+++ SUPPLIED DATA +++

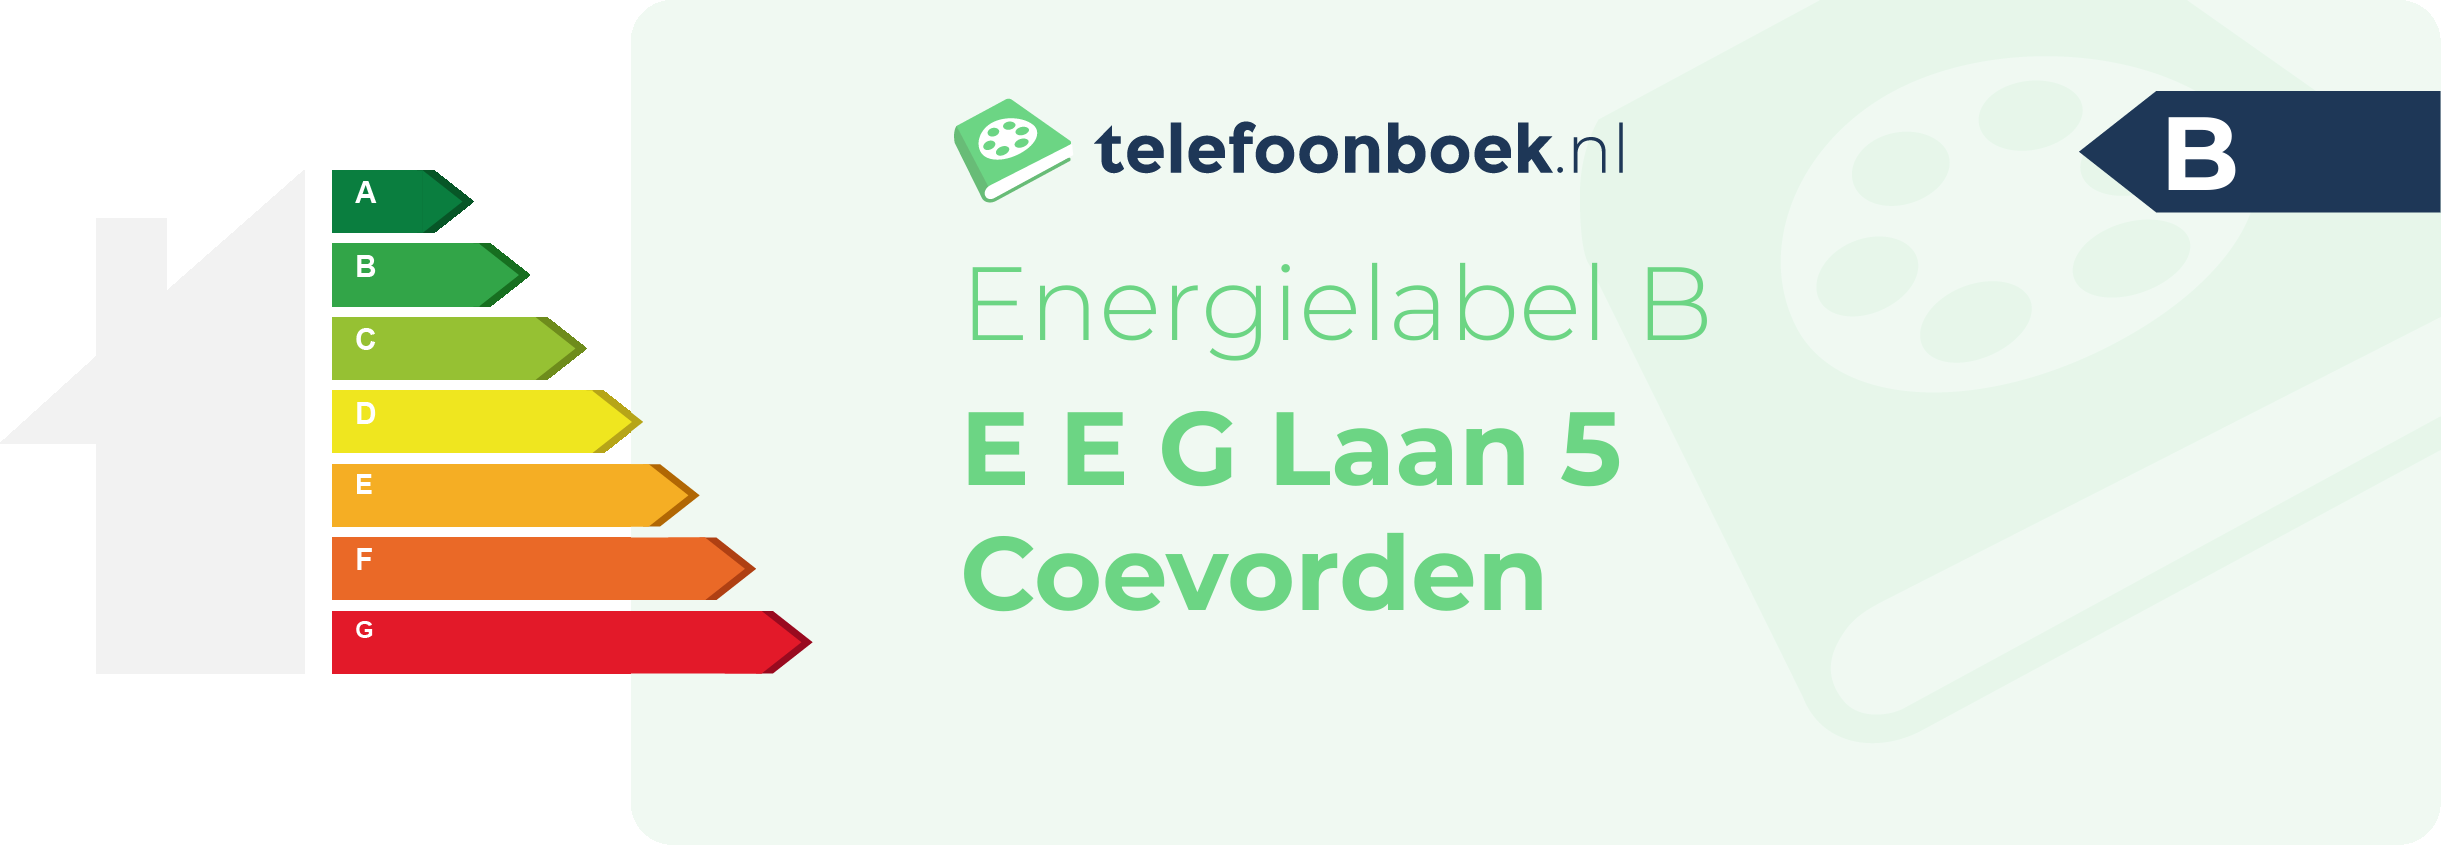 Energielabel E E G Laan 5 Coevorden
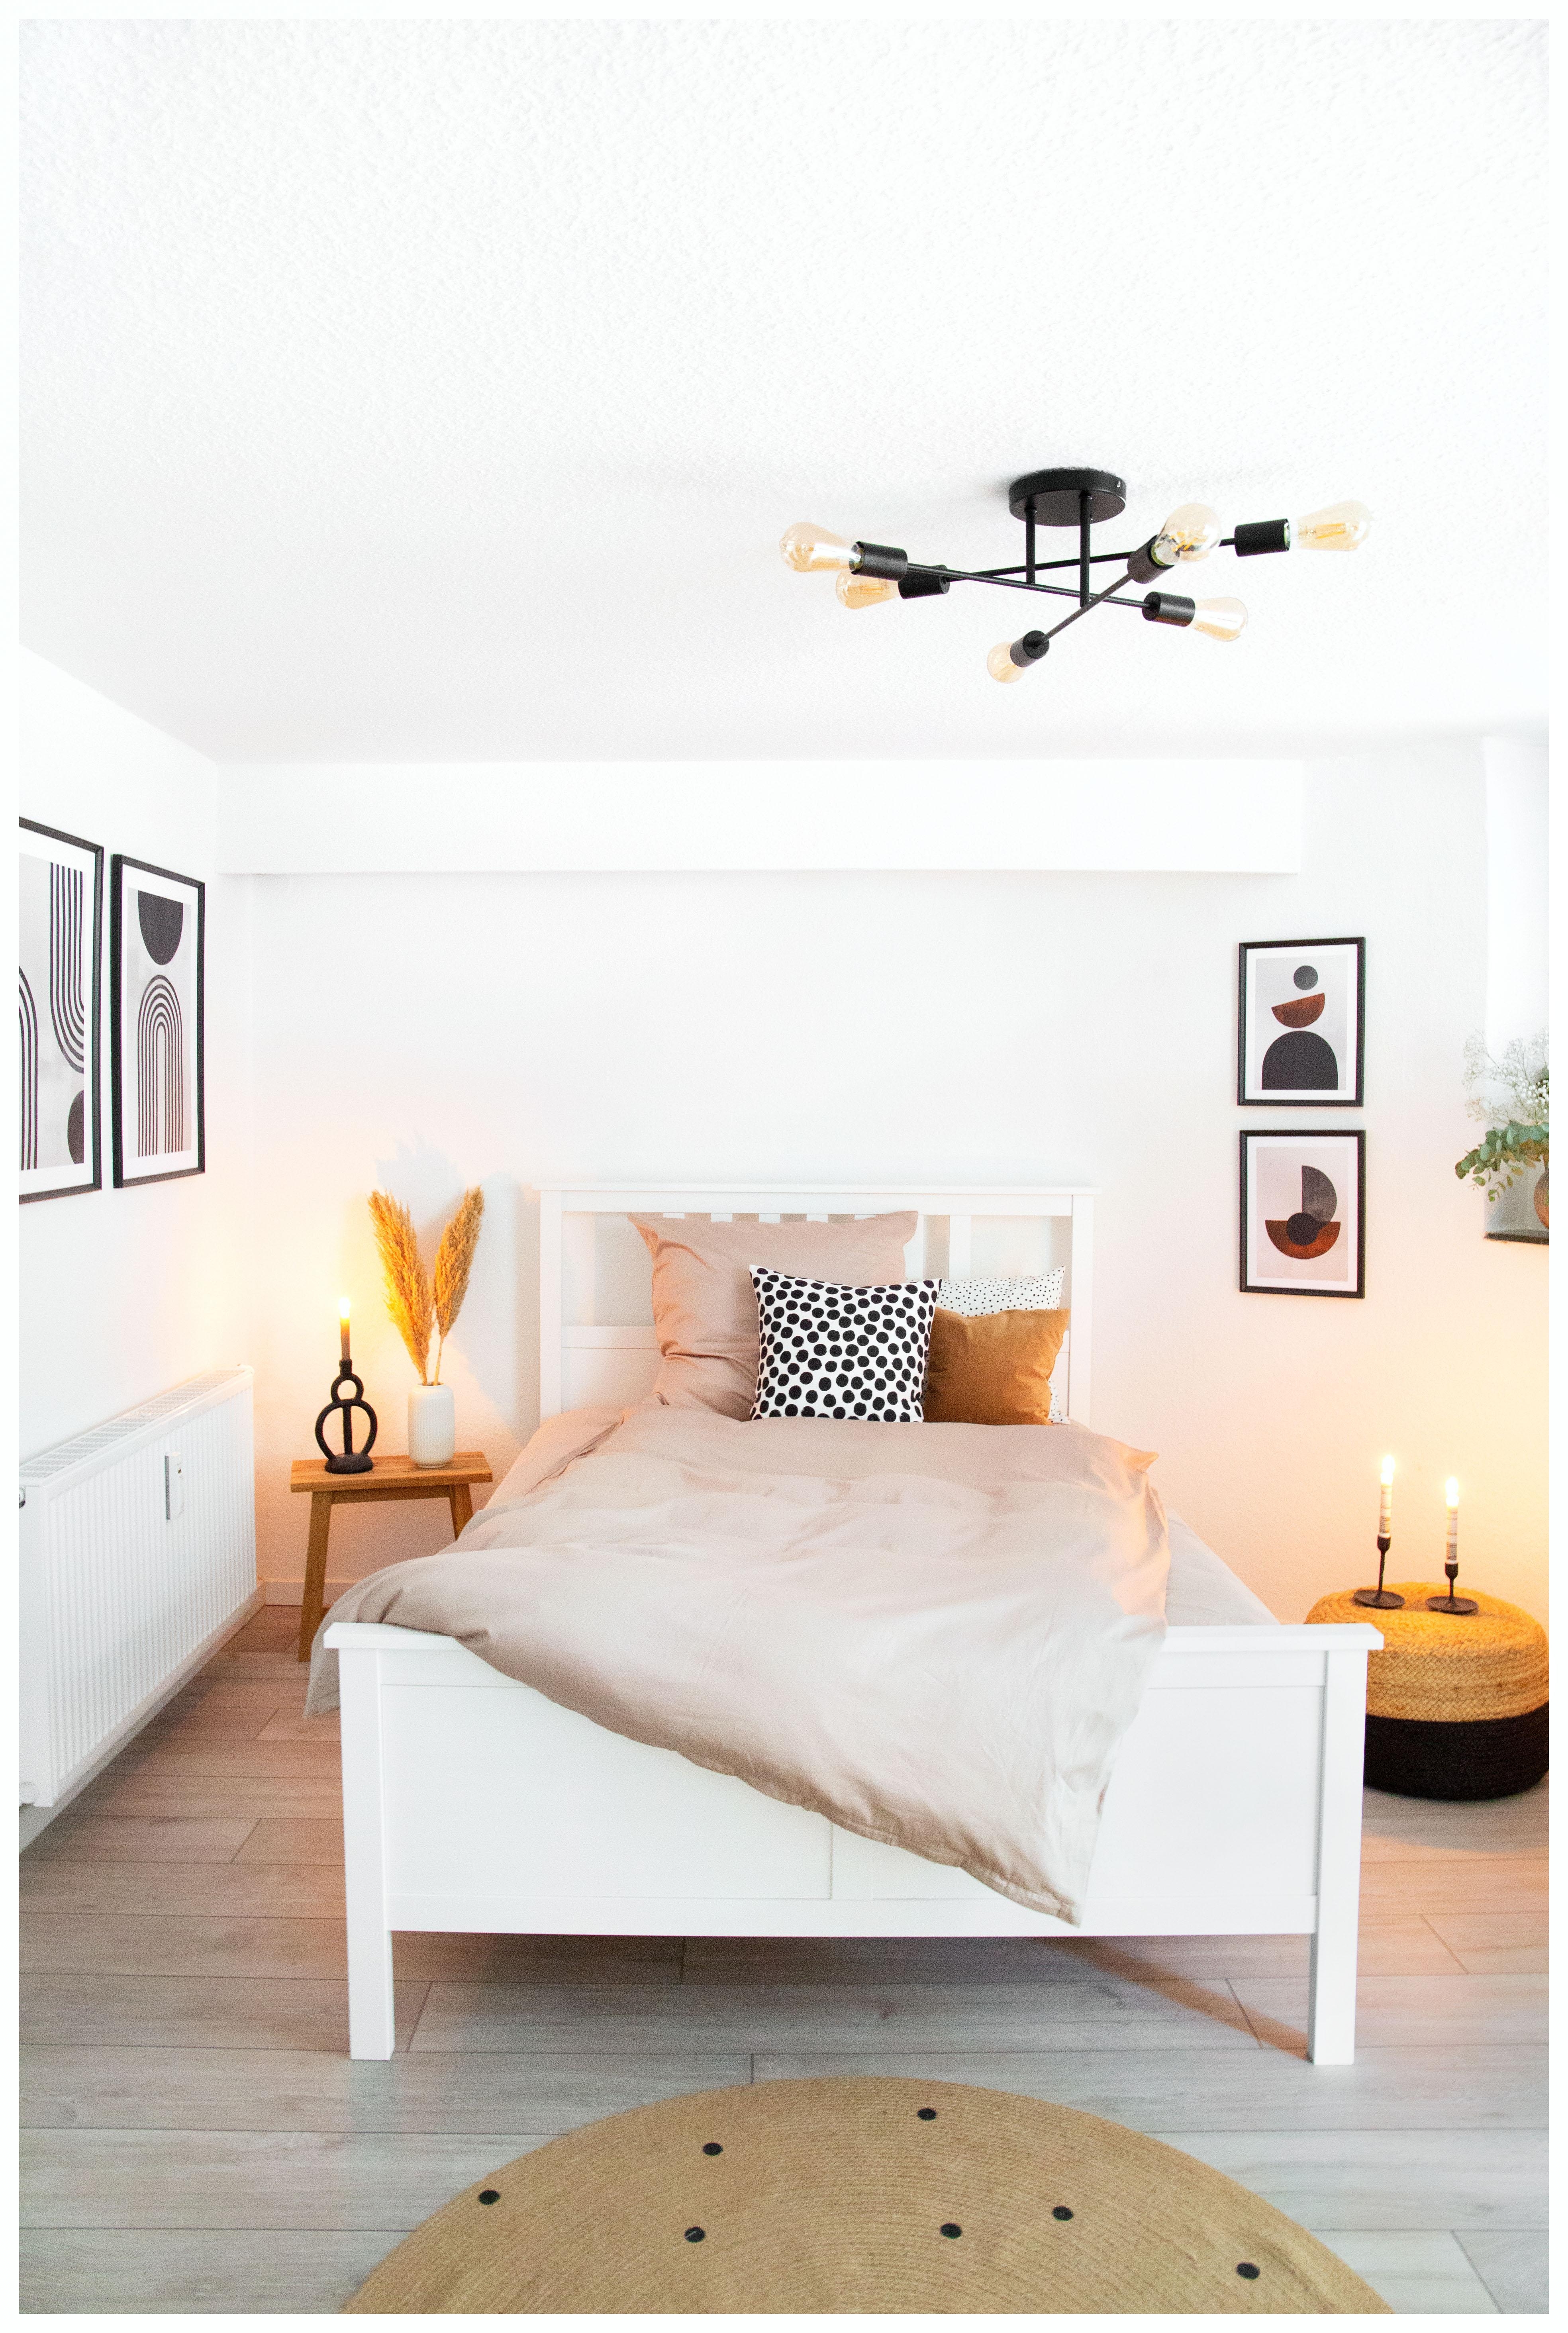 Mein Schlafzimmer - Kleine Räume gemütlich einrichten mag ich sehr! #couch #schlafzimmer #cozy 
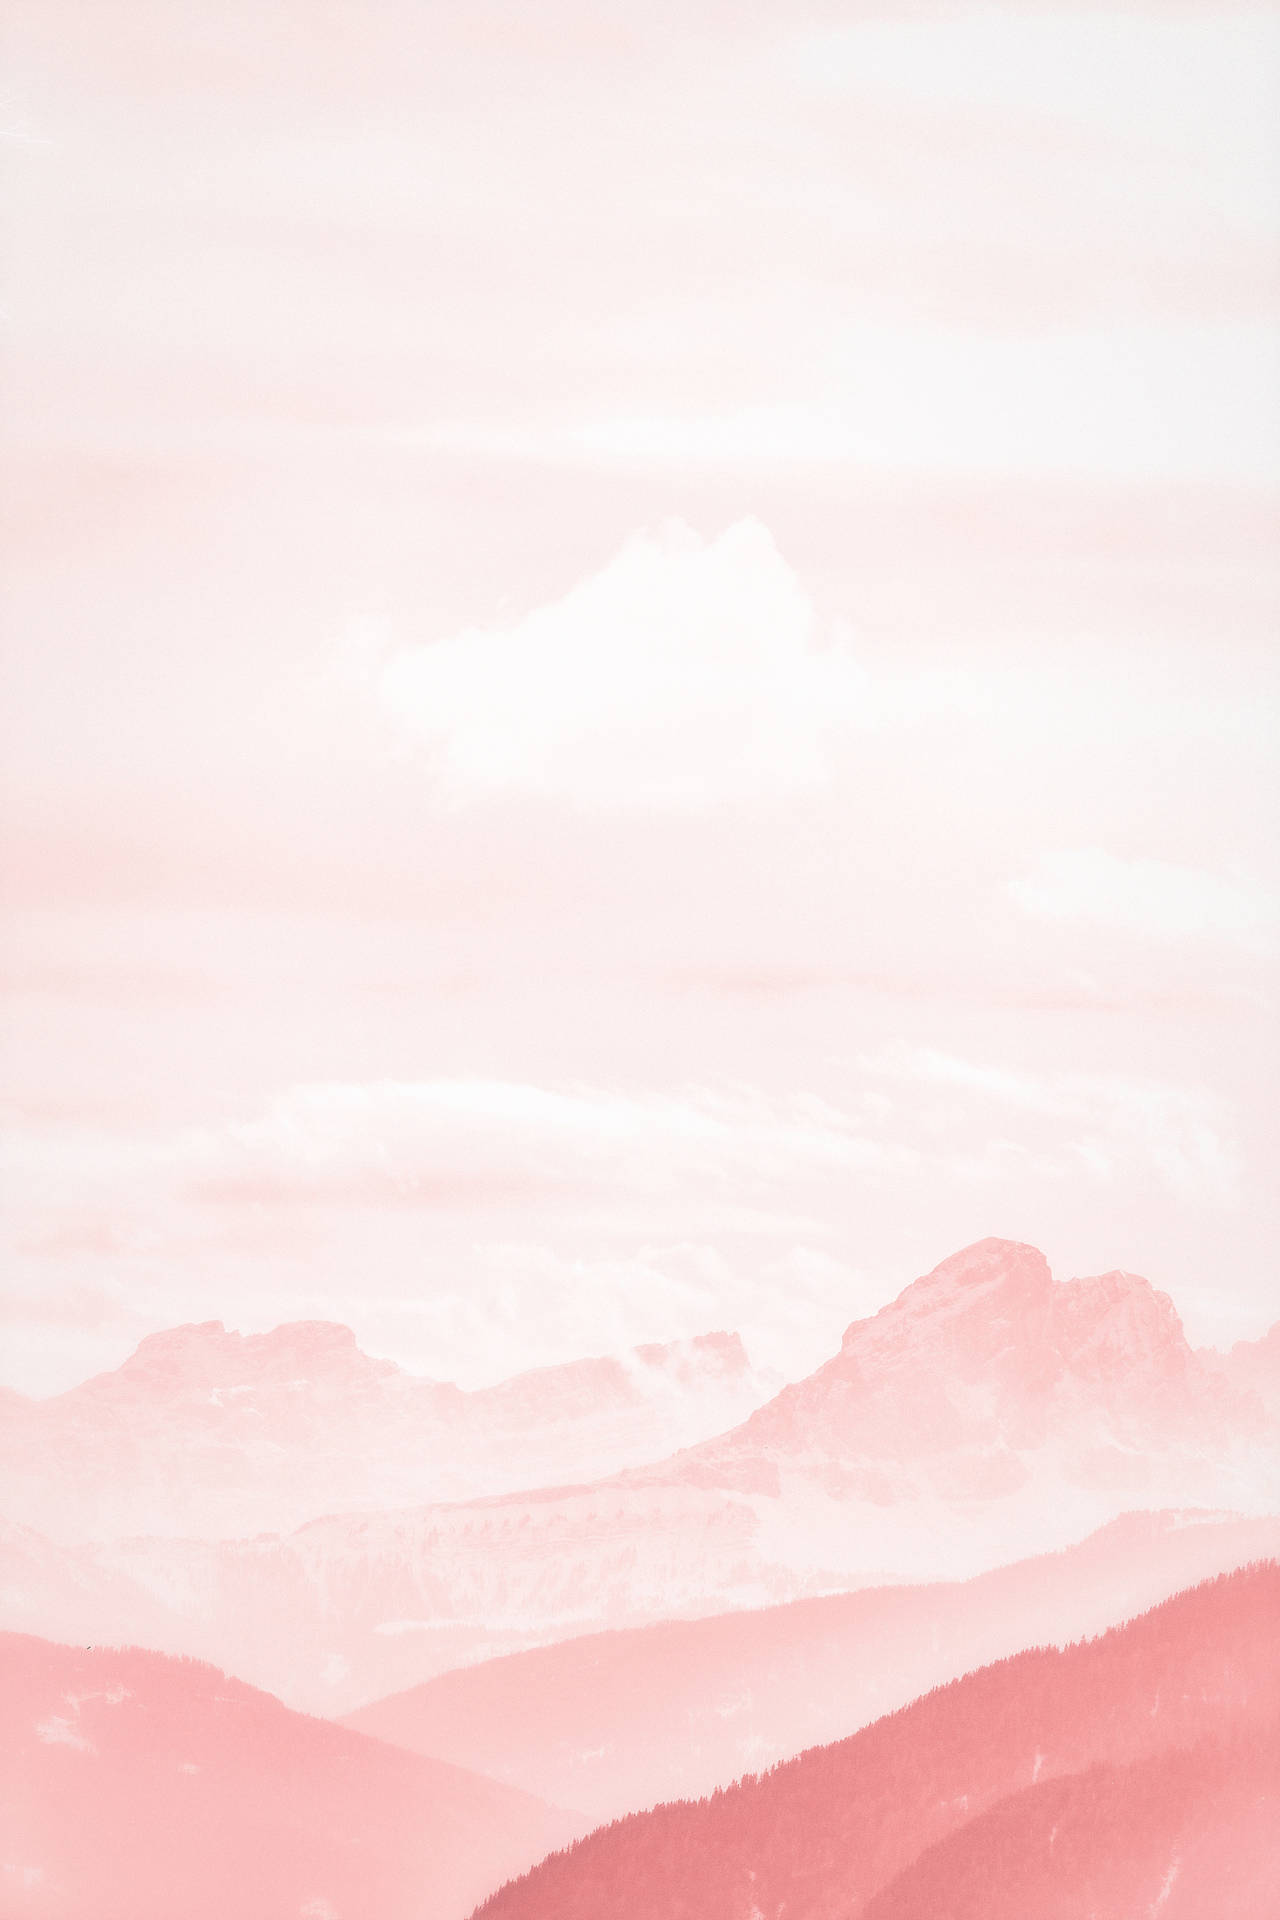 Et pink himmel med bjerge Wallpaper
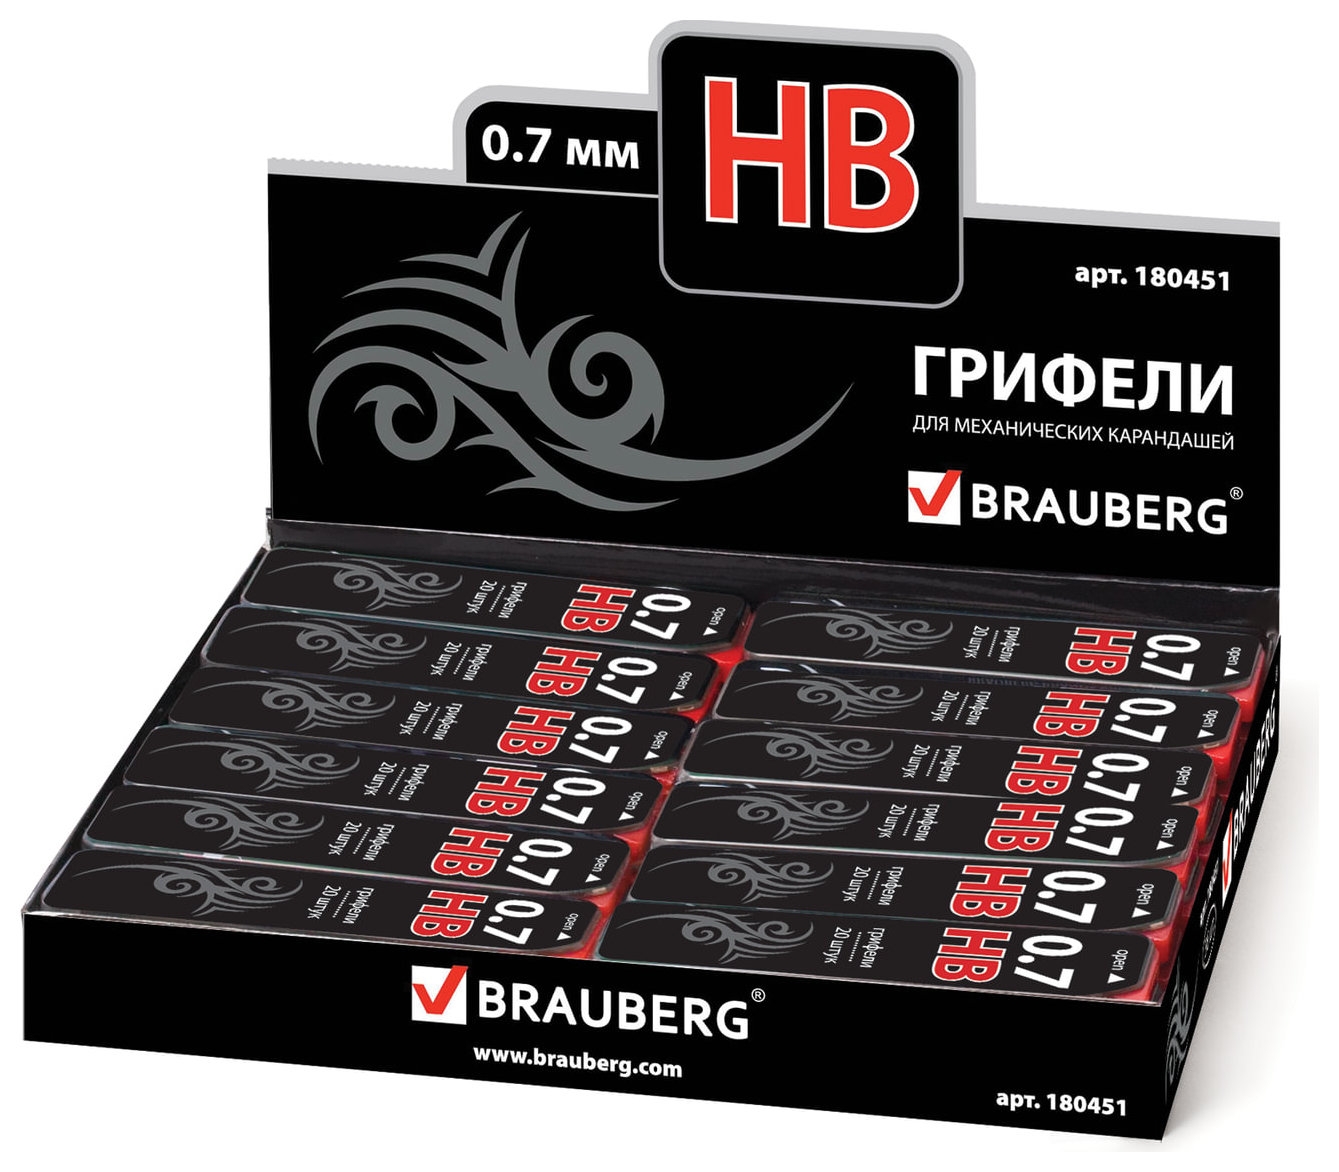 Грифели запасные Brauberg, комплект 20 шт., Black Jack Hi-polymer, HB, 0,7 мм

+++

In your answer, set down the full listing word for word and include no pictures.

_TASK RESULT_.
 Energielabel E E G Laan 5 Coevorden
 Mein Schlafzimmer - Kleine Räume gemütlich einrichten mag ich sehr! #couch #schlafzimmer #cozy 
 Et pink himmel med bjerge Wallpaper
 Грифели запасные Brauberg, комплект 20 шт., Black Jack Hi-polymer, HB, 0,7 мм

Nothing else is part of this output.